Required work »
Everything from the line with "American JB6398 Re-Lax" to the end of the data is to be retyped exactly, and nothing else.

Exercise data »
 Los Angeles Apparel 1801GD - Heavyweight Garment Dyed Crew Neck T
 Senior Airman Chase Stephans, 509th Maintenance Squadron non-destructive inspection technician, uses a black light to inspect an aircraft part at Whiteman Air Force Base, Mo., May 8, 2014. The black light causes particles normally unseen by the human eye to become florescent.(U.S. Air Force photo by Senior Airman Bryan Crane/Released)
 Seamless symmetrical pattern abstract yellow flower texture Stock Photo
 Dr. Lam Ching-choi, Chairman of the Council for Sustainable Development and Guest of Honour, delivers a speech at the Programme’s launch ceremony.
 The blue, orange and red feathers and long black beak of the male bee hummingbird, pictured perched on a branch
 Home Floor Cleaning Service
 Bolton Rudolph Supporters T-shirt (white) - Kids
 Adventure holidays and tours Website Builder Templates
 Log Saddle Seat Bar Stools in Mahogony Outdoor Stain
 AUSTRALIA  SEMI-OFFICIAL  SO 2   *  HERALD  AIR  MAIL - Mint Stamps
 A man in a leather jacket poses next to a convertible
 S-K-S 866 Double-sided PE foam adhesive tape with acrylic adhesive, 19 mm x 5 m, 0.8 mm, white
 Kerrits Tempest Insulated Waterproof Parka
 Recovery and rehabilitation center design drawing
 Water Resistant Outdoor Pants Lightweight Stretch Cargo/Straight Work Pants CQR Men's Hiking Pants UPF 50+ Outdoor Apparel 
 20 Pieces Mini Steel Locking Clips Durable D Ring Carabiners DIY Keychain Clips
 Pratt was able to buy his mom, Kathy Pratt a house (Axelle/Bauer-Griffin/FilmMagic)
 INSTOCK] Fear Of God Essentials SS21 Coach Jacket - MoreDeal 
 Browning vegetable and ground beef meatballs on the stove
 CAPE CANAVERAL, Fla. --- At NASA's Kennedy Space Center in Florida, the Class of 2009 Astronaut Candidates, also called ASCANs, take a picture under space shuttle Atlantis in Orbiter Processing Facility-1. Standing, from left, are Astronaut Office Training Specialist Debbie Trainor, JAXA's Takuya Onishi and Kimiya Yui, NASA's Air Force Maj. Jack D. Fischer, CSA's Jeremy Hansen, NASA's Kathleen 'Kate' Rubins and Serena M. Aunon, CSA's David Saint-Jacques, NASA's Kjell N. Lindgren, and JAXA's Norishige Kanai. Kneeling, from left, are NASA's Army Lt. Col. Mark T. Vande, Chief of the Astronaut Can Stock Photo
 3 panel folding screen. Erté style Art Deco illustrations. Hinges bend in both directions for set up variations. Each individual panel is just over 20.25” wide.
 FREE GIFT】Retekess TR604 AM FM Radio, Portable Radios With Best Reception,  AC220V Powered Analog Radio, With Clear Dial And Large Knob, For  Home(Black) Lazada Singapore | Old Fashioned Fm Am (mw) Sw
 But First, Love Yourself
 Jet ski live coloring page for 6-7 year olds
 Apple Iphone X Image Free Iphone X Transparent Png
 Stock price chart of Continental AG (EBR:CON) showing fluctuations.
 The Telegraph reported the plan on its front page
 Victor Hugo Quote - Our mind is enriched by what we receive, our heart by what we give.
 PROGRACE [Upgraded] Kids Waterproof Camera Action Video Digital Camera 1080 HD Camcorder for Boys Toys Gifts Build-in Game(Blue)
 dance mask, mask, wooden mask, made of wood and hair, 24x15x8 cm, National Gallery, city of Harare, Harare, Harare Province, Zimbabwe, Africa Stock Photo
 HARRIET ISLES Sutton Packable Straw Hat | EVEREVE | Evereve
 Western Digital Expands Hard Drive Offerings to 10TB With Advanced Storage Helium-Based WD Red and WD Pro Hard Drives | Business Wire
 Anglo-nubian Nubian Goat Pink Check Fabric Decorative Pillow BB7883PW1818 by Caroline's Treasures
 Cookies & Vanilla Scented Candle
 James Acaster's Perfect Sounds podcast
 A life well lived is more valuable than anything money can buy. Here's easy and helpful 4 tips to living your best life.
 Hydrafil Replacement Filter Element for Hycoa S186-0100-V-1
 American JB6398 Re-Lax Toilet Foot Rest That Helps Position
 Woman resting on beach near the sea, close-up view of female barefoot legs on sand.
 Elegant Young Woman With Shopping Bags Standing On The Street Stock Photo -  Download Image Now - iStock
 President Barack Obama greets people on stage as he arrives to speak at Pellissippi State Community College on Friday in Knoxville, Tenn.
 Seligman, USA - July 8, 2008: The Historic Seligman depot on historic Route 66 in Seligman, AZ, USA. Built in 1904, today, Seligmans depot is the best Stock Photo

Answer box »
 American JB6398 Re-Lax Toilet Foot Rest That Helps Position
 Woman resting on beach near the sea, close-up view of female barefoot legs on sand.
 Elegant Young Woman With Shopping Bags Standing On The Street Stock Photo -  Download Image Now - iStock
 President Barack Obama greets people on stage as he arrives to speak at Pellissippi State Community College on Friday in Knoxville, Tenn.
 Seligman, USA - July 8, 2008: The Historic Seligman depot on historic Route 66 in Seligman, AZ, USA. Built in 1904, today, Seligmans depot is the best Stock Photo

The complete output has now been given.